Княжна Владимирская (Тараканова), или Зацепинские капиталы - Сухонин Петр Петрович "А. Шардин". Страница 95

Они один за другим являлись с приветствиями к вступившей в их город всероссийской великой княжне Елизавете и окружили её различного рода овациями. Поэтому и здесь она должна была открыть приём и жить роскошно. Эта роскошь, за неимением у Али-Эметэ никаких средств, почти полностью должна была лечь на счёт князя Радзивилла, хотя тот, как мы уже говорили, сам крайне нуждался в средствах, проживая последние из вывезенных им с собой драгоценностей.

Под влиянием тяжести этого положения Али-Эметэ решилась приступить к более активной деятельности; решилась не ограничиваться только жалобами, протестами и объяснениями своих вымышленных страданий, но фактически приступить к делу. Она написала о себе предводившему в Средиземном море русским флотом графу Алексею Григорьевичу Орлову. Ей пришло в голову, не захочет ли он, принимая её за ту, за которую она себя выдаёт, передать в её распоряжение вверенный ему русский флот и начать вместе с нею действовать против Екатерины. «Он, говорят, честолюбив, — думала она, — а его честолюбию я открою широкое поприще».

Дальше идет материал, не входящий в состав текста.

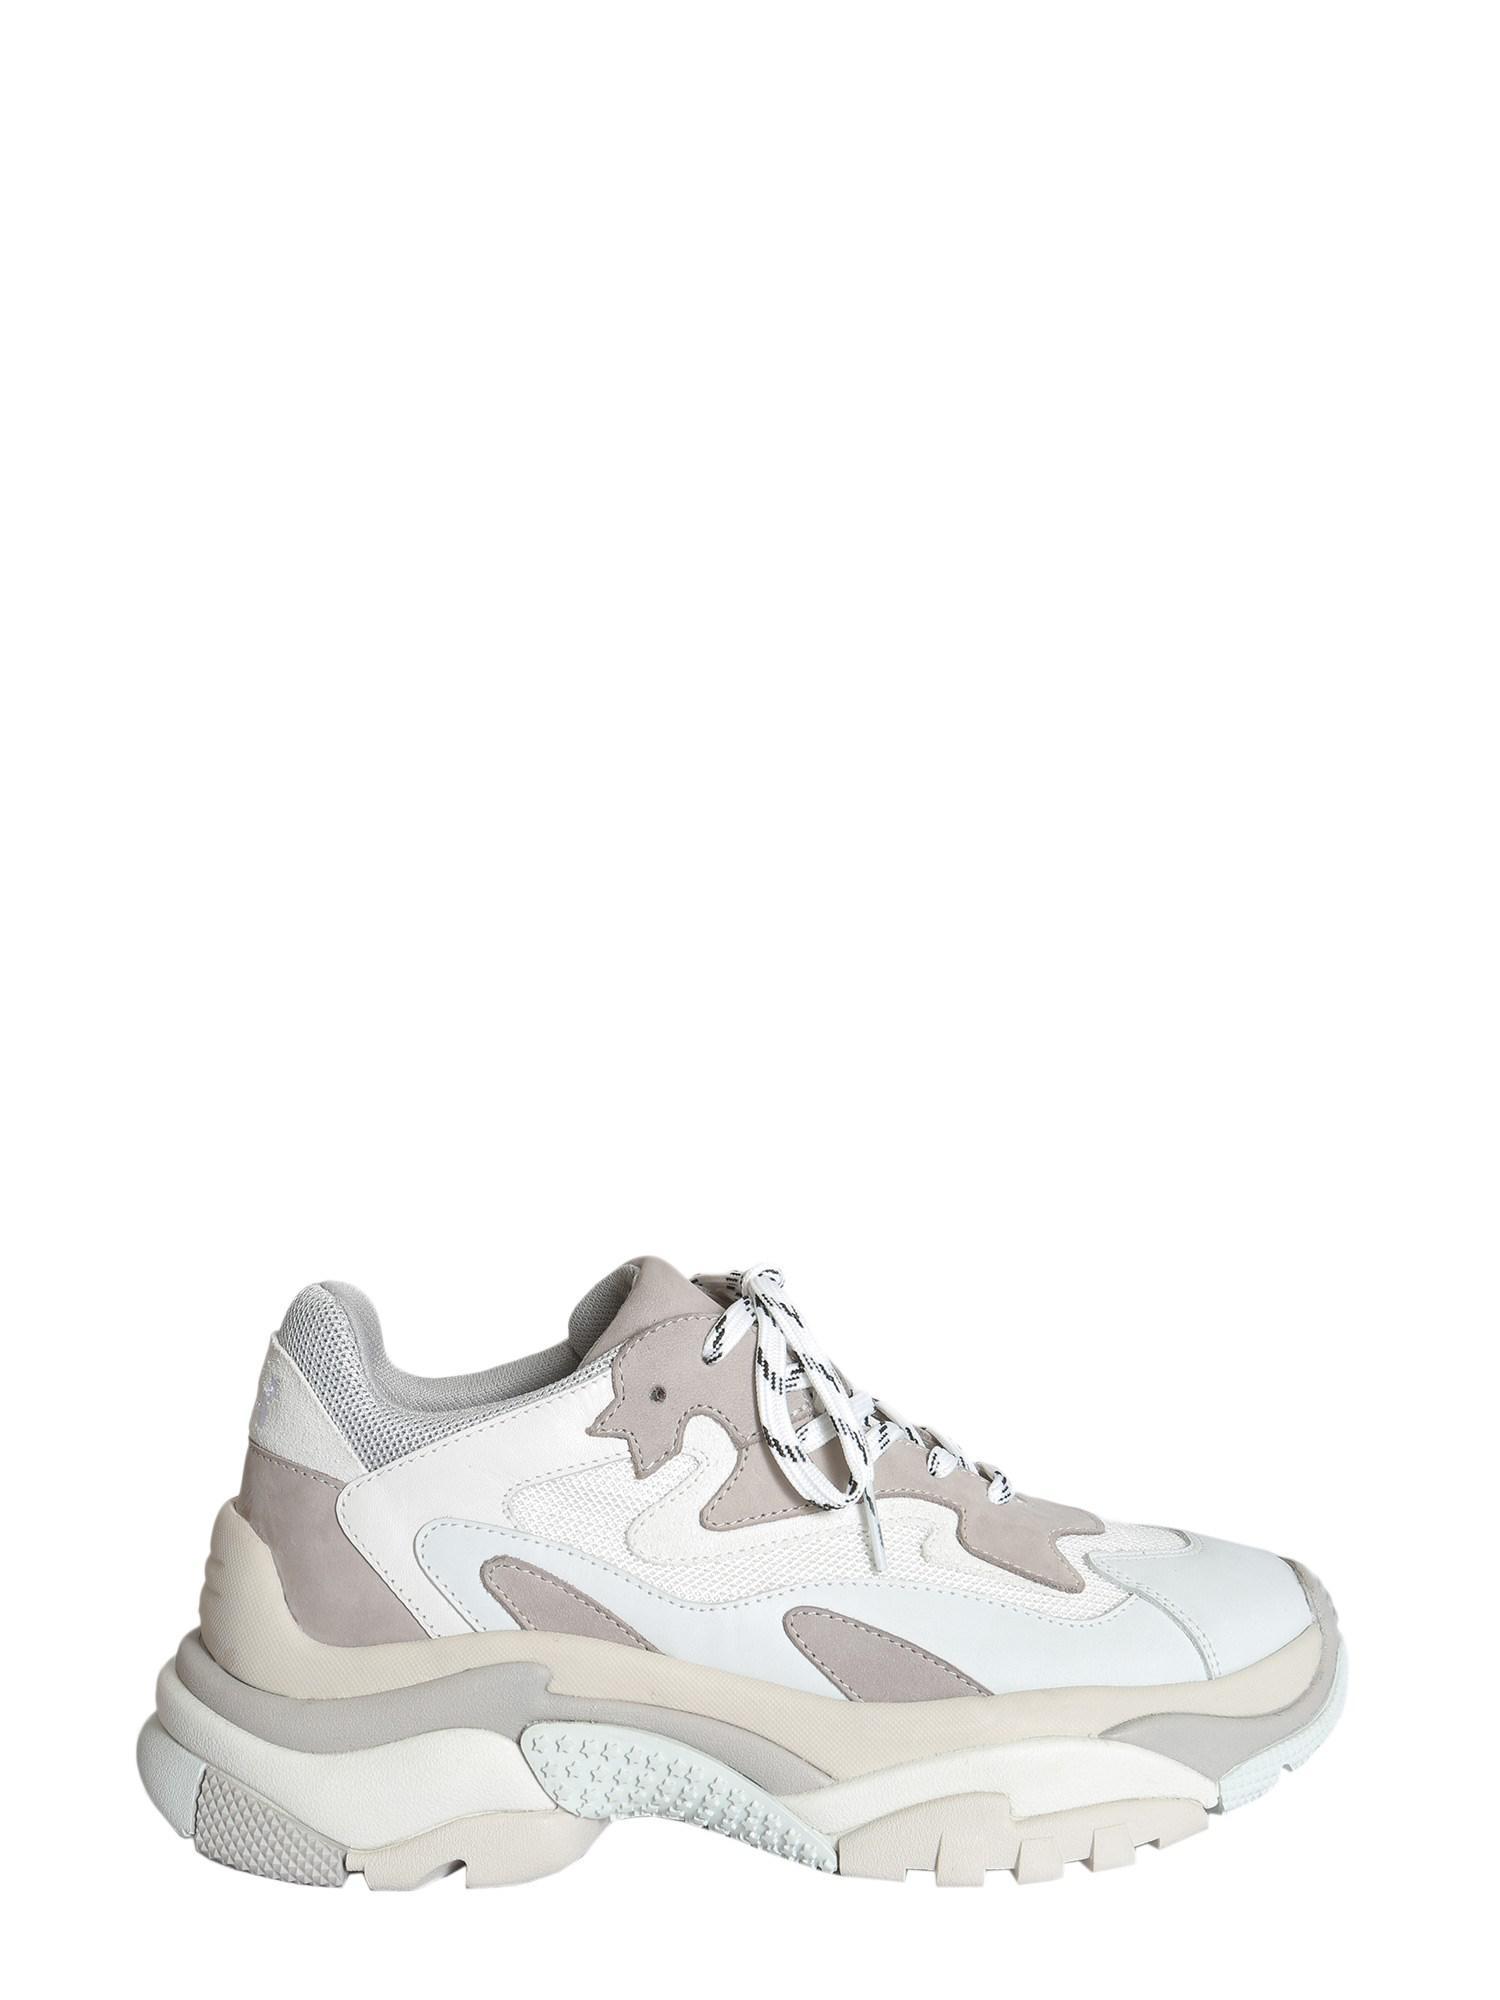 Ash Addict o6 sneakers SH2VdH7lpb

Письмо к Орлову и проект её манифестики русским морякам, как она выразилась о своём проекте заявления о самой себе русской эскадре, были составлены весьма ловко. Она передавала на волю Орлова делать то, что он полагает справедливым, но обращалась к его чести, разуму и патриотизму; наконец, она старалась задеть его самолюбие и честолюбие, ставя его во главе предприятия, успех которого, разумеется, вознёс бы его на вершину славы и почестей.

Послание это было отправлено ею через третьи руки, таким образом, чтобы Орлову, если бы он не захотел принять в ней участия, было весьма трудно, даже почти невозможно, узнать о её местопребывании.

Между тем князь Радзивилл, разыгрывая свою комедию перед Али-Эметэ и являясь к ней ежедневно с многочисленной свитой обедать в роскошном костюме польского магната и виленского воеводы как к русской великой княжне, хотя и должен был сам эти обеды оплачивать, — мало-помалу подчинялся очарованию её прелести и грации. Сперва он этого не замечал! Ему казалось даже, что она далеко не так хороша, как ему о ней говорили и как он себе её воображал. Даже на первых порах он готов был уверять, что она вовсе не хороша. Но почему-то ему становилось приятно бывать у неё; становилось скучно, когда он её не видел. Он желал быть у неё чаще и чаще, видеть её каждый день, если можно — два раза в день; потом ему начало становиться скучно «даже когда он у неё, но она вдруг уйдёт куда-нибудь или занята кем-нибудь другим. Её мягкие движения, приветливая улыбка, бархатный, ласкающий взгляд становились для него мало-помалу привычной необходимостью; становились для него утешением, радостью, противодействием его хандре, которая против воли охватывала избалованного богача магната, вдали от отечества и доведённого почти до совершенного разорения. Смотря на неё, он забывал эту хандру. И ему бессознательно хотелось смотреть на неё, вечно смотреть или прислушиваться к музыкальному переливу её голоса, к её гармоническому смеху.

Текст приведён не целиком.